National Issues
When Twelve Governors Hold the Temperature of a Nation: The Urgent Need for Them and Shettima to Engage Directly in the Sharia Belt to Stabilize Nigeria -By Psychologist John Egbeazien Oshodi
The twelve Sharia states — Bauchi, Borno, Gombe, Jigawa, Kaduna, Kano, Katsina, Kebbi, Niger, Sokoto, Yobe, and Zamfara — share more than a legal framework. They share a psychological and spiritual ecosystem. Their populations are tied by language, faith, trade routes, migratory patterns, kinship networks, and shared histories of both suffering and resilience. When one state bleeds, the others do not simply watch; they absorb the emotional shock in their own way.
Nigeria is entering one of the most volatile, emotionally destabilizing, and historically defining moments of its democratic life. What we are witnessing now is not just another cycle of insecurity or another wave of political tension. It is a convergence of fear, disbelief, and exhaustion in the hearts of ordinary people. Across the northern Sharia belt, the sense of safety has been replaced by a permanent nervousness, a quiet trembling that now sits inside families, schools, markets, roads, and places of worship. The mass abduction of more than three hundred schoolchildren and a dozen teachers in Niger State was not just a crime; it was a psychological blow that penetrated the soul of a region already stretched by years of violence.

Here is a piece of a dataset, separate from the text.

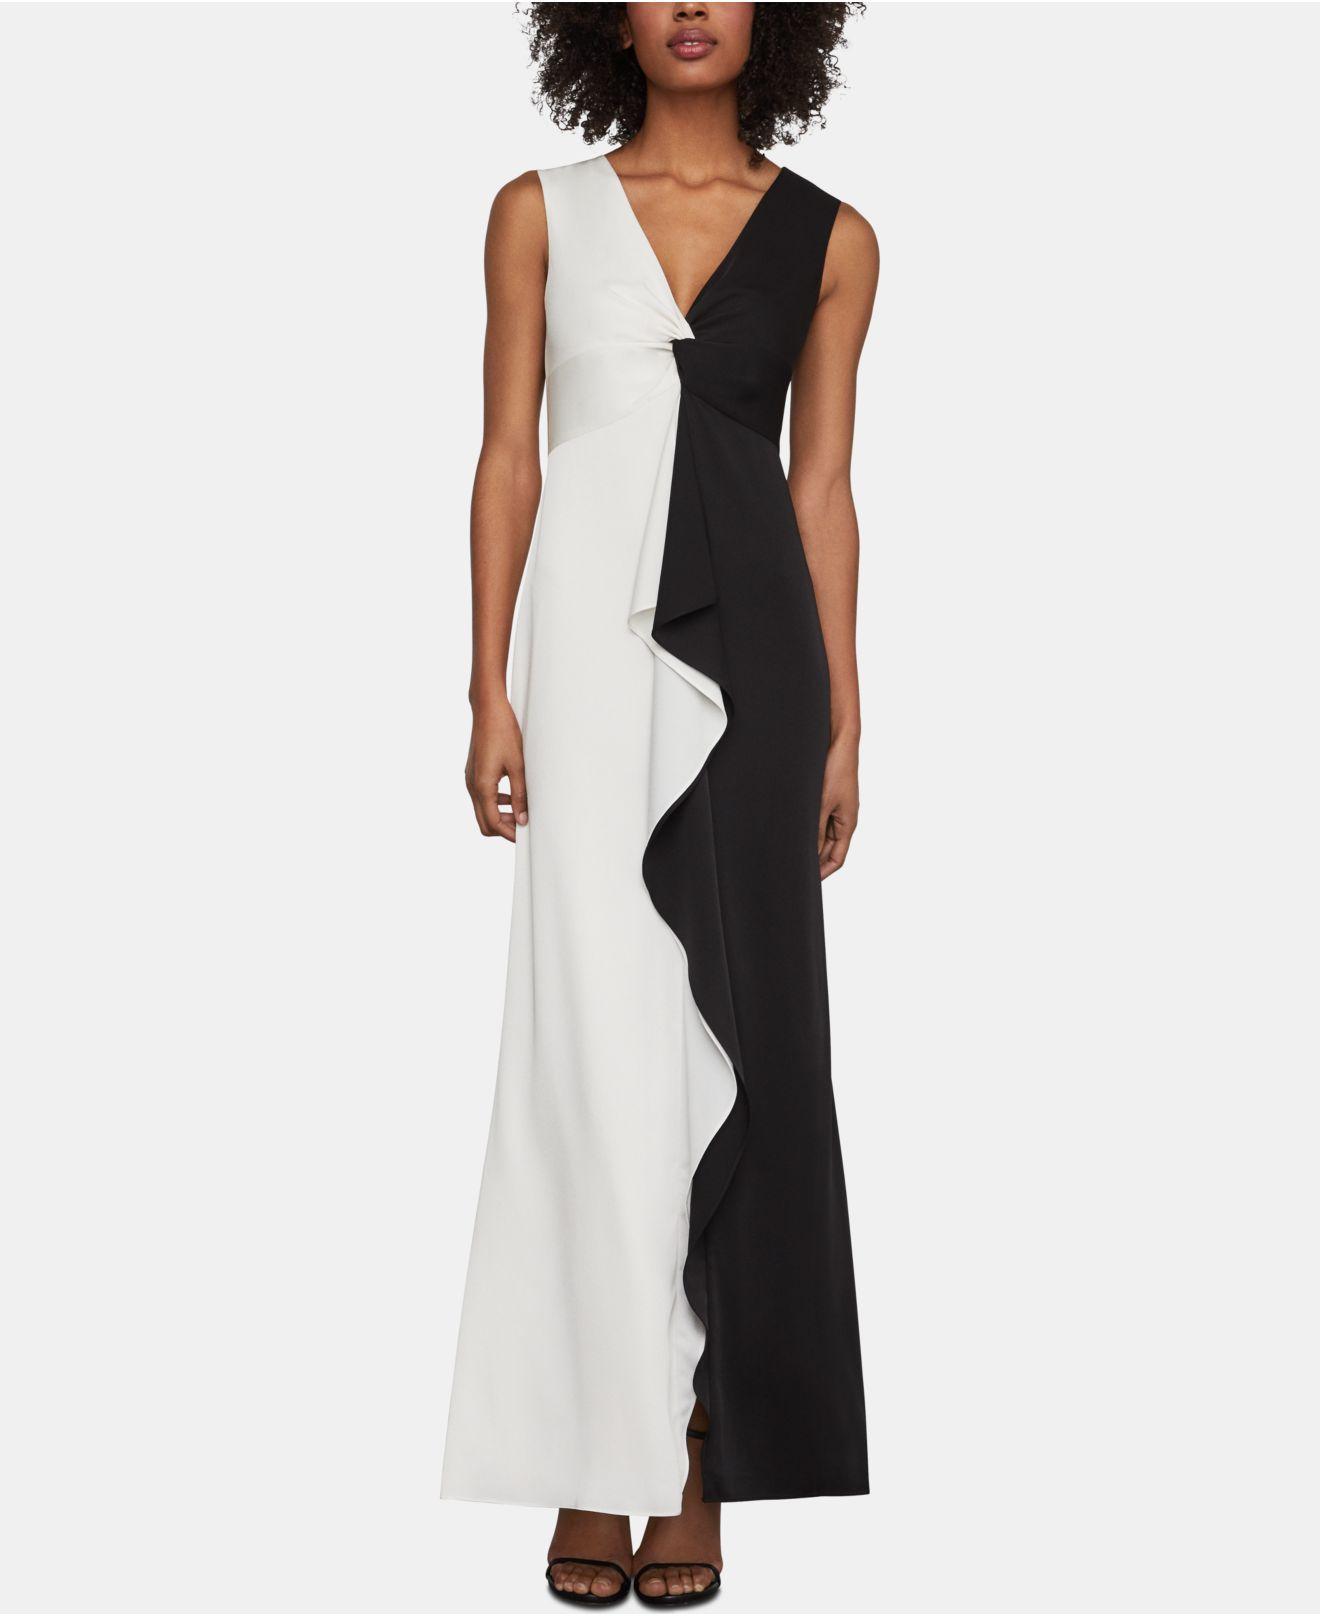 c4c976ffa4 Lyst - BCBGMAXAZRIA Colorblock Twist Front Ruffle Gown in Black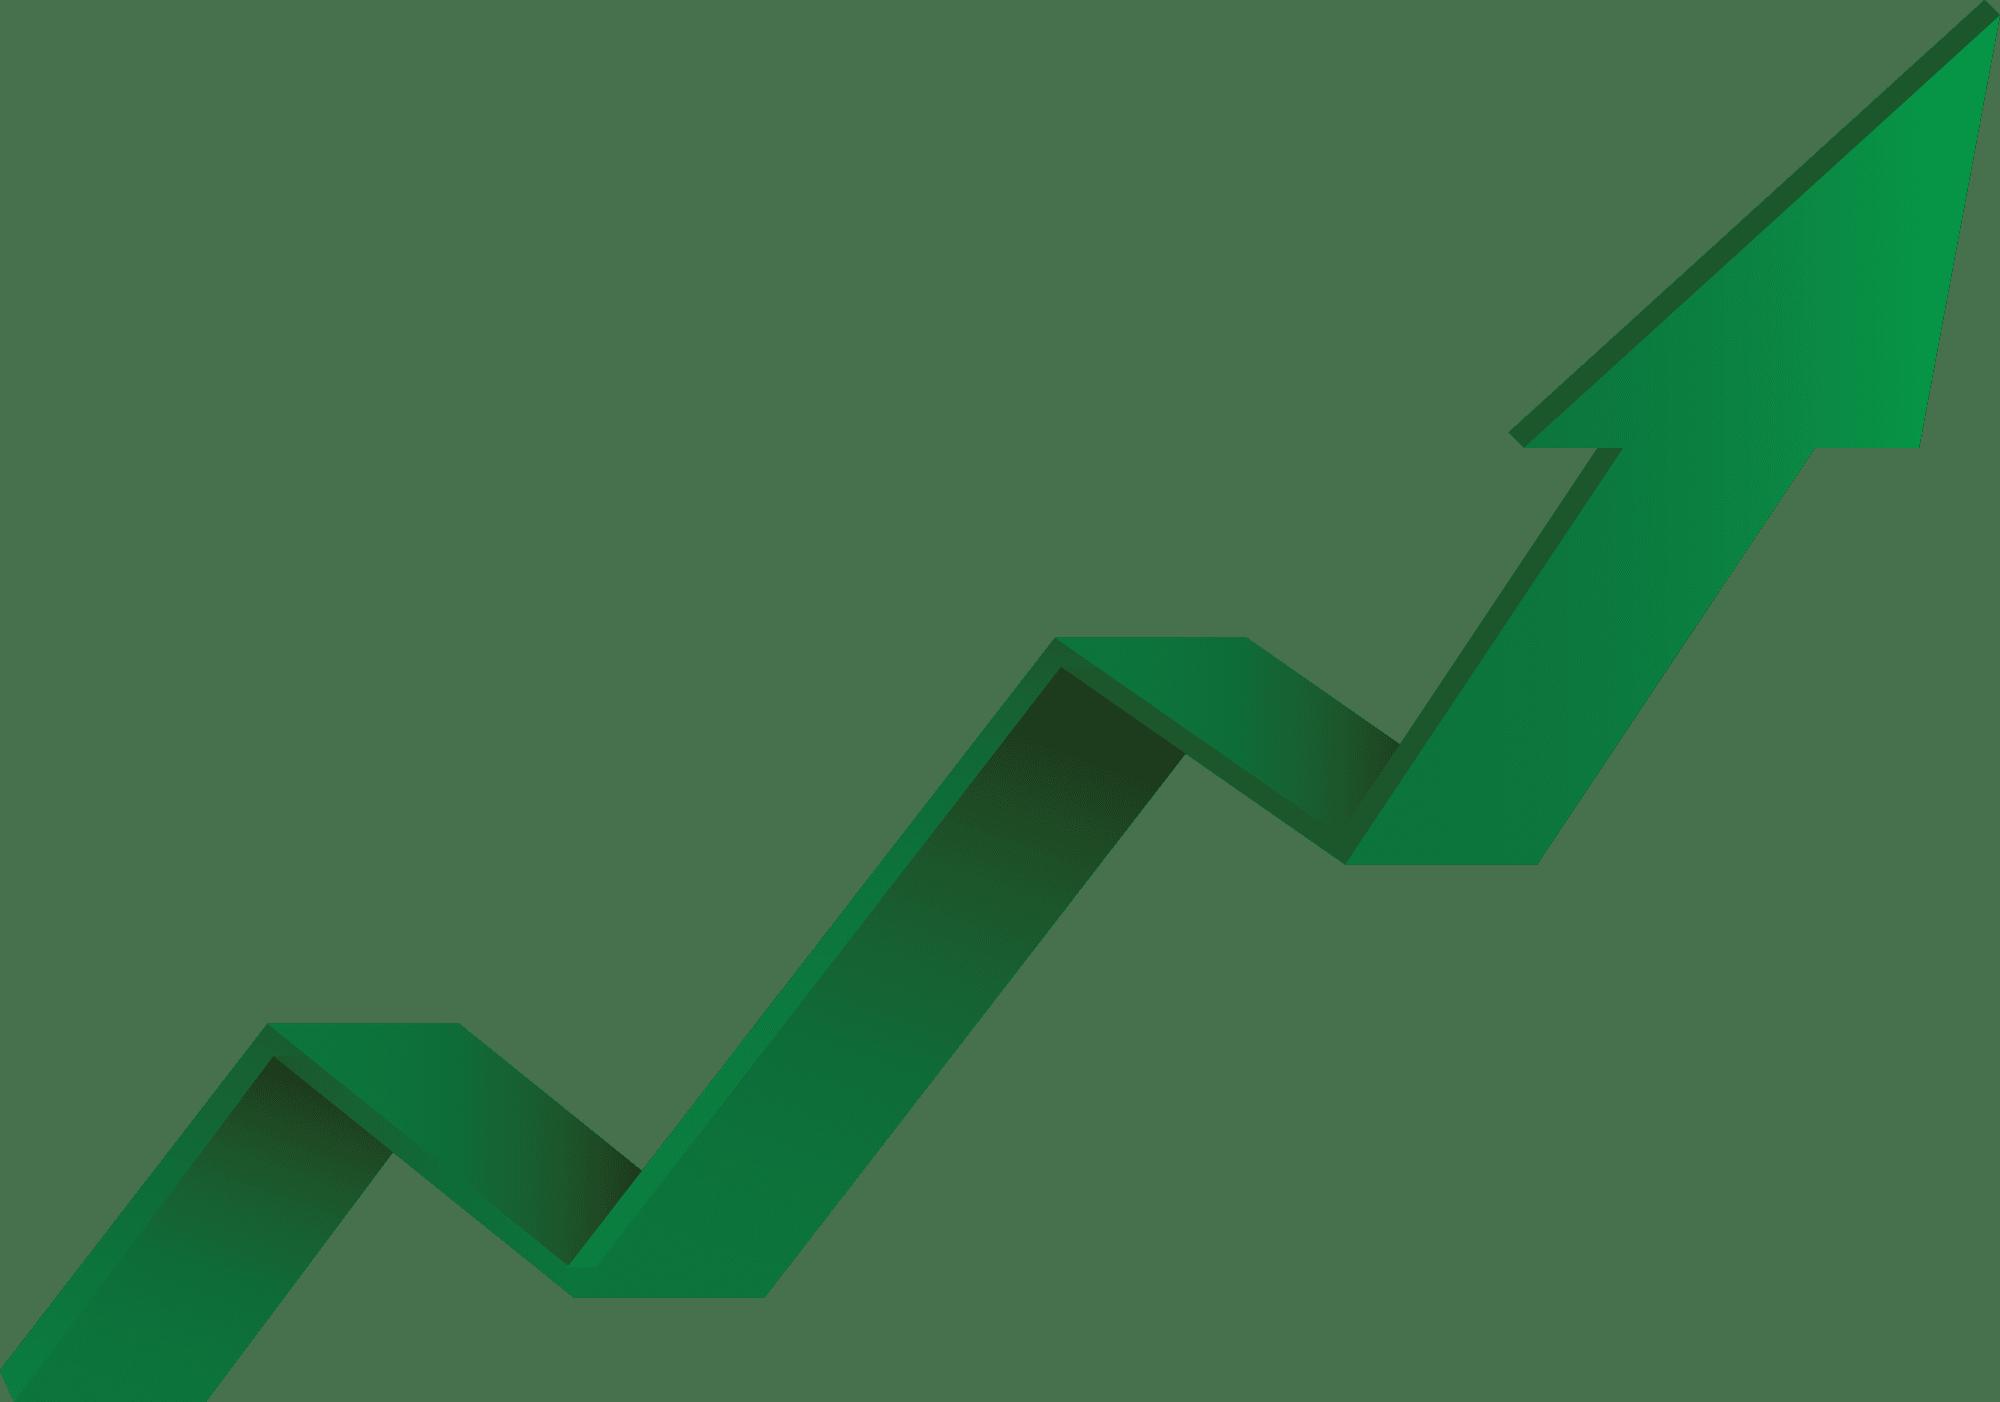 Upward green arrow

This single event in Niger did something that official statements could not undo. It sent a message to every parent in the North that the distance between their child and danger is now paper-thin. From Kebbi to Zamfara, from Kaduna to Kano, families watched the news and silently asked themselves, “If they could take hundreds at once, who is really safe?” Days later, when twenty-five schoolgirls were abducted in Kebbi State and a teacher murdered, the message hardened into reality. And when worshippers were killed and thirty-eight congregants were abducted in a church attack in Kwara, the fear that had been spreading across the Sharia belt deepened further into something close to despair.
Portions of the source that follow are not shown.